Step 5: Analyze Communities¶

from collections import defaultdict

# Detect communities
communities = rag.detect_communities()

# Group by community
comm_groups = defaultdict(list)
for node_id, comm_id in communities.items():
    comm_groups[comm_id].append(node_id)

print(f"\nCommunities Detected: {len(comm_groups)}")

for comm_id, nodes in sorted(comm_groups.items()):
    print(f"\n  Community {comm_id}: {len(nodes)} papers")

    # Auto-tag community
    tags = rag.auto_tag_community(comm_id, n_samples=len(nodes))
    print(f"    Keywords: {', '.join(tags[:5])}")

    # Show papers
    for node_id in nodes:
        node = rag.storage.get_node(node_id)
        doc = node['metadata']
        print(f"    - {doc['title'][:60]}... ({doc['year']})")

Expected output:

Community 0: 4 papers (NLP/Transformer papers)
  Keywords: transformers, attention, language, nlp
  - Attention Is All You Need (2017)
  - BERT: Pre-training... (2019)
  - Language Models are Few-Shot Learners (2020)
  - An Image is Worth 16x16 Words... (2021)

Community 1: 1 paper (Vision/CNN)
  Keywords: residual, image, recognition
  - Deep Residual Learning for Image Recognition (2016)

Step 6: Search¶

# Search for transformer papers
print("\n=== Search: 'transformer architecture' ===")
results = rag.search('transformer architecture').with_strategy('hybrid').top(5)

for i, result in enumerate(results, 1):
    print(f"\n{i}. {result.id} (score: {result.score:.3f})")
    doc = result.metadata
    print(f"   Title: {doc['title']}")
    print(f"   Year: {doc['year']}")
    print(f"   Tags: {', '.join(doc.get('tags', []))}")
    print(f"   Community: {result.community_id}")

Step 7: Find Bridges¶

# Find papers that bridge NLP and Vision
bridges = rag.get_bridge_nodes(min_betweenness=0.1)

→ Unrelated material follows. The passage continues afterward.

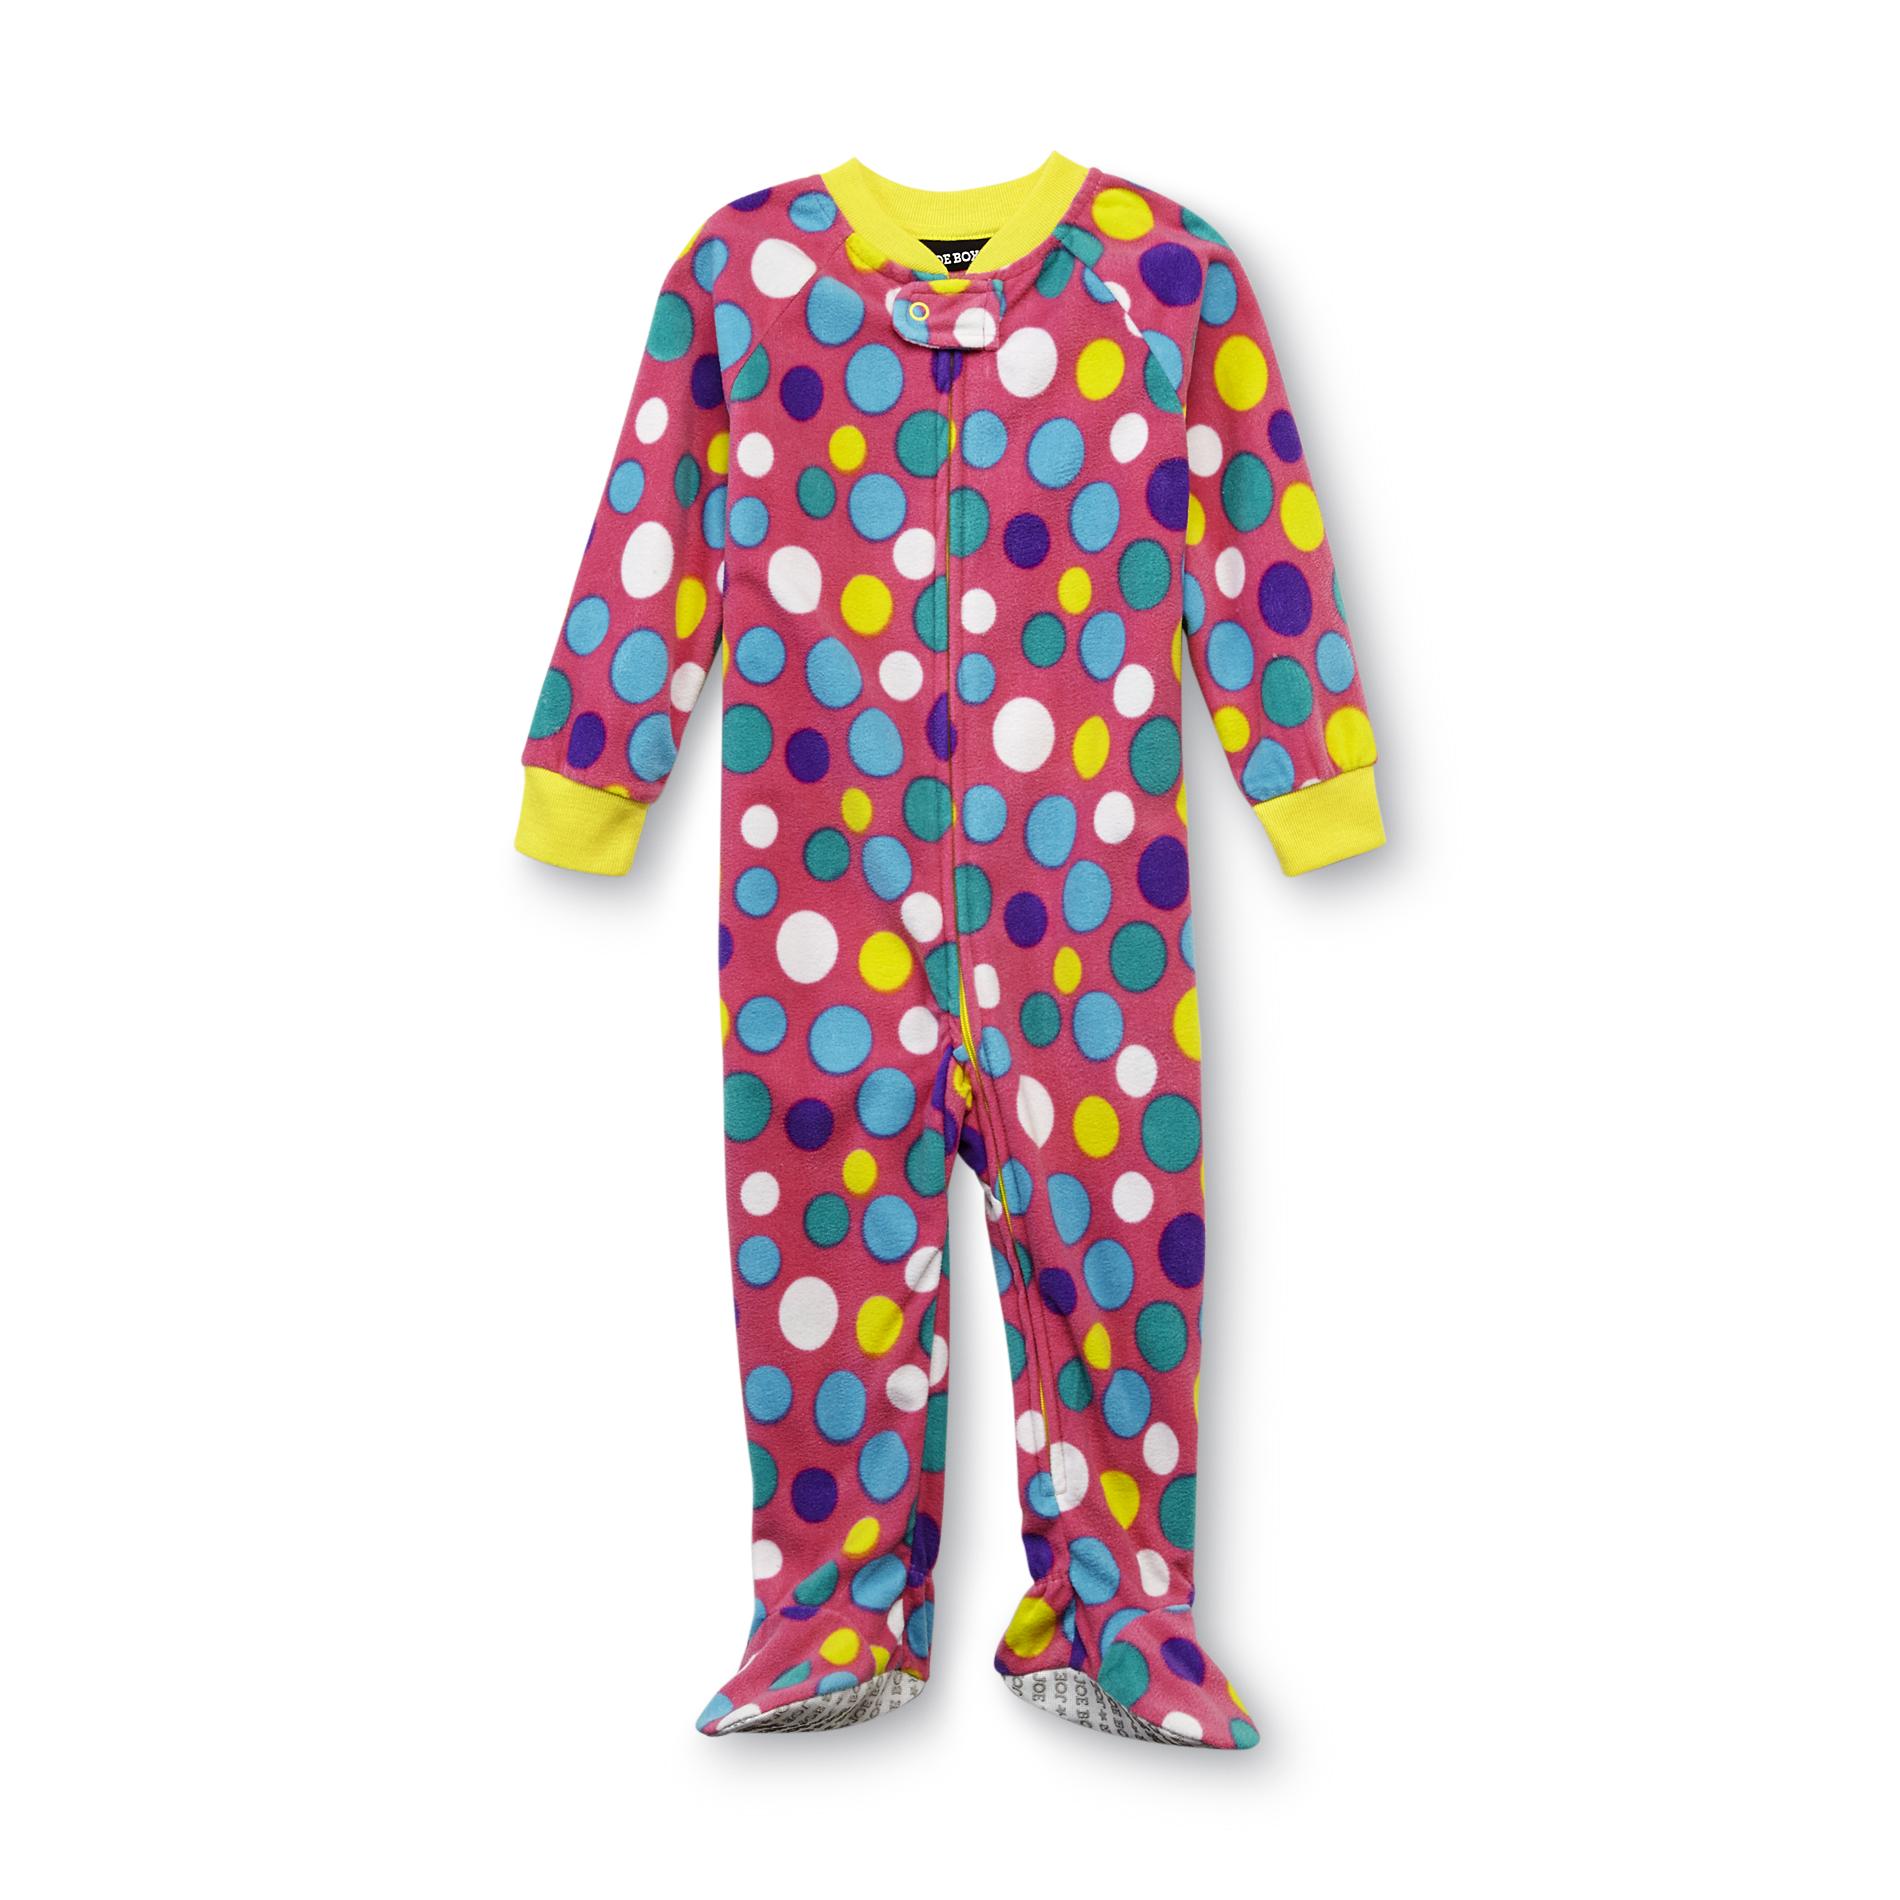 Joe Boxer Infant & Toddler Girl's Fleece Footed Sleeper Pajamas - Polka Dot

print("\n=== Bridge Papers (connect different communities) ===")
for bridge_id in bridges:
    node = rag.storage.get_node(bridge_id)
    doc = node['metadata']

    # Get communities this paper connects
    neighbors = rag.get_neighbors(bridge_id, k_hops=1)
    neighbor_communities = {rag.get_community_for_node(n) for n in neighbors}

    print(f"\n{doc['title']}")
    print(f"  Connects communities: {neighbor_communities}")
    print(f"  Tags: {', '.join(doc.get('tags', []))}")

Complete Script¶

See examples/ml_papers_tutorial.py for the complete working script.